6. Tidak Ada Rencana Jika Terjadi Kendala Saat Ujian
Tidak ada pelaksanaan yang benar-benar tanpa kendala. Yang membedakan biasanya bukan ada atau tidaknya masalah, tetapi seberapa cepat masalah bisa ditangani. Contoh kondisi yang cukup umum, peserta internet terputus, browser tidak kompatibel, peserta tertinggal sesi, perangkat peserta restart, peserta membutuhkan perpanjangan waktu.
Cara Mengatasinya
Siapkan aturan sebelum ujian berlangsung. Contoh, kapan peserta boleh masuk ulang, kapan peserta harus dijadwalkan ulang, siapa yang memberi persetujuan, bagaimana pencatatan kejadian dilakukan. Dengan prosedur yang jelas, keputusan saat pelaksanaan menjadi lebih cepat dan lebih mudah dipertanggungjawabkan.
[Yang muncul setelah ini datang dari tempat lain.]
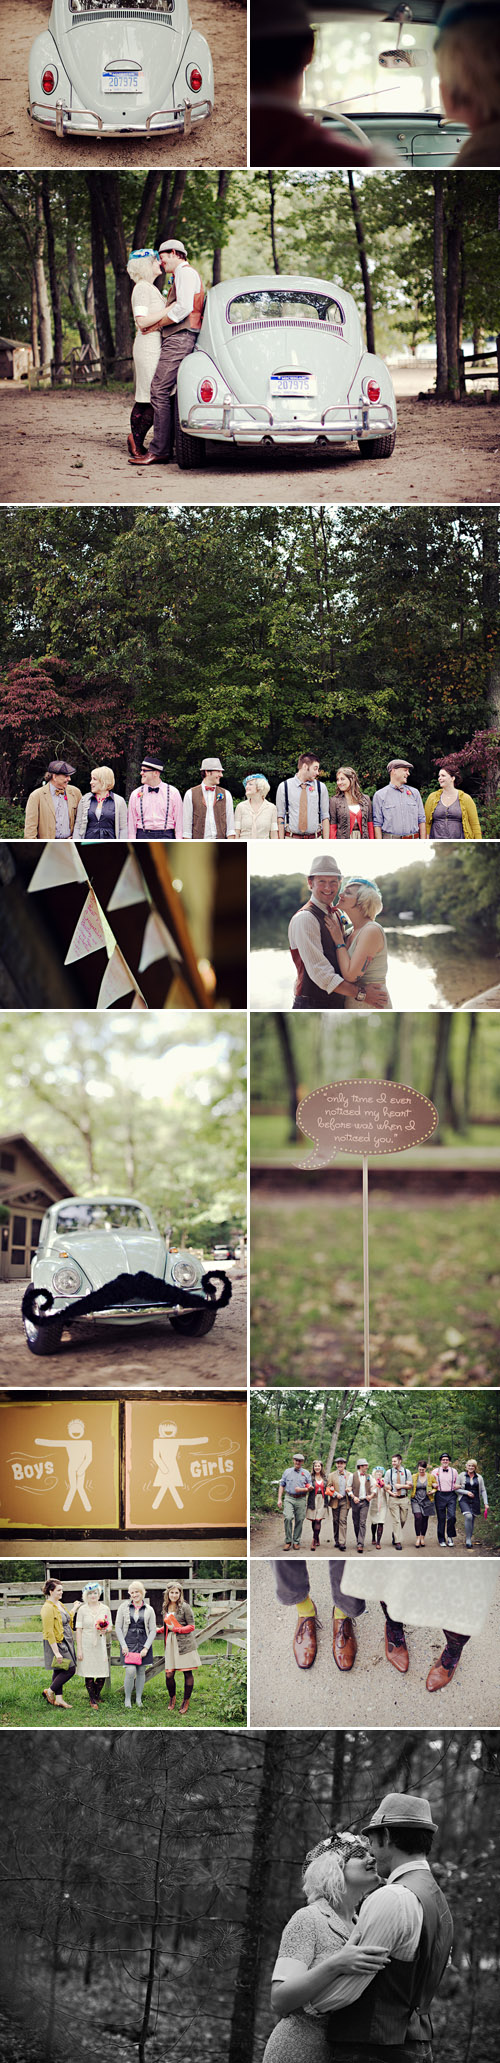 vintage summer camp inspired wedding in Michigan, creative alternative wedding photos by Kat Braman

7. Jadwal Ujian Terlalu Padat dan Sulit Dikontrol
Masalah ini biasanya mulai muncul saat jumlah peserta bertambah. Semua terlihat aman saat perencanaan. Tetapi saat pelaksanaan, ada peserta terlambat, sesi sebelumnya molor, pengawas belum siap, peserta berikutnya sudah mulai bertanya. Akibatnya jadwal menjadi bergeser dan tim mulai bekerja reaktif.
Cara Mengatasinya
Gunakan pembagian sesi sejak awal. Beberapa hal yang biasanya membantu, kelompokkan peserta, beri jeda antar sesi, siapkan waktu cadangan, batasi perubahan mendadak. Untuk pelaksanaan dengan peserta besar, jadwal yang sedikit lebih longgar sering jauh lebih aman dibanding jadwal yang terlalu rapat.
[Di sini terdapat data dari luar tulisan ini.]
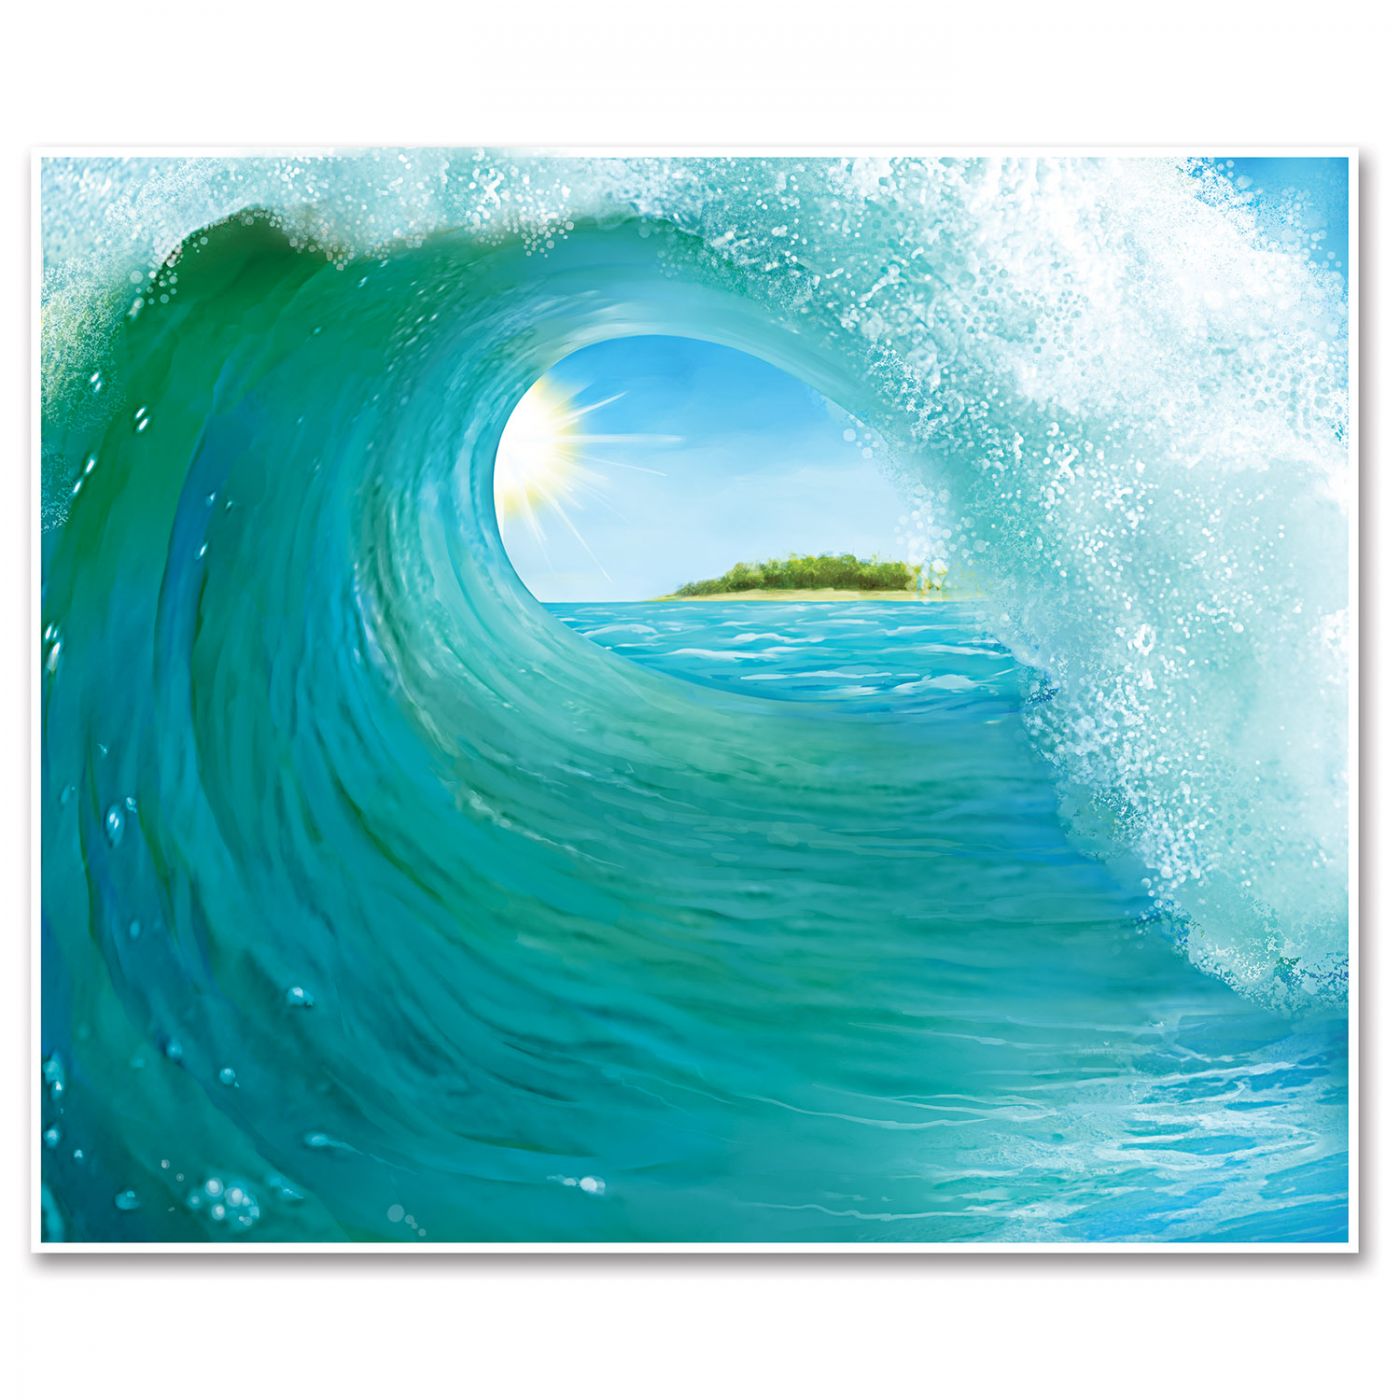 Surf Wave Insta-Mural (6) image

8. Komunikasi ke Peserta Kurang Jelas
Kadang masalah bukan karena sistem atau soal, tetapi karena peserta tidak menerima informasi dengan baik. Contoh yang cukup sering terjadi, peserta lupa jadwal, peserta tidak membaca email, peserta tidak tahu link ujian, peserta tidak tahu aturan pelaksanaan. Akhirnya saat hari ujian, panitia sibuk menjawab pertanyaan yang sebenarnya bisa dicegah.
Cara Mengatasinya
Jangan mengandalkan satu jalur komunikasi. Gabungkan beberapa metode, email notifikasi, reminder, grup koordinasi, halaman informasi peserta. Informasi yang jelas sebelum pelaksanaan biasanya mengurangi pertanyaan saat hari ujian.
9. Terlalu Fokus pada Pelaksanaan, Lupa Memikirkan Setelah Ujian
Banyak tim sangat fokus menyiapkan hari pelaksanaan. Tetapi lupa bahwa pekerjaan belum selesai saat peserta menekan tombol submit. Setelah ujian biasanya masih ada kebutuhan seperti rekap hasil, laporan, pengolahan nilai, distribusi hasil, sertifikat, dokumentasi pelaksanaan. Kalau proses ini belum dipikirkan sejak awal, pekerjaan setelah ujian bisa jauh lebih besar.
Cara Mengatasinya
Sebelum pelaksanaan dimulai, tentukan siapa yang menerima hasil, bentuk laporan yang dibutuhkan, apakah perlu konversi nilai, apakah perlu sertifikat, kapan hasil akan dibagikan. Dengan begitu seluruh proses menjadi lebih terencana.
Kesimpulan
Pelaksanaan ujian online sebenarnya tidak selalu rumit. Tetapi semakin besar jumlah peserta dan semakin tinggi kebutuhan pengawasan, biasanya semakin banyak detail operasional yang perlu dipersiapkan. Mulai dari data peserta, komunikasi, pelaksanaan, pengawasan, sampai pengolahan hasil. Karena itu selain memilih sistem yang tepat, penting juga memastikan proses pelaksanaannya benar-benar siap.
Punya kebutuhan pelaksanaan ujian yang berbeda? Mulai dari tryout sederhana sampai ujian dengan pengawasan tinggi, sesuaikan metode pelaksanaan dengan kebutuhan dan tujuan evaluasi yang ingin dicapai.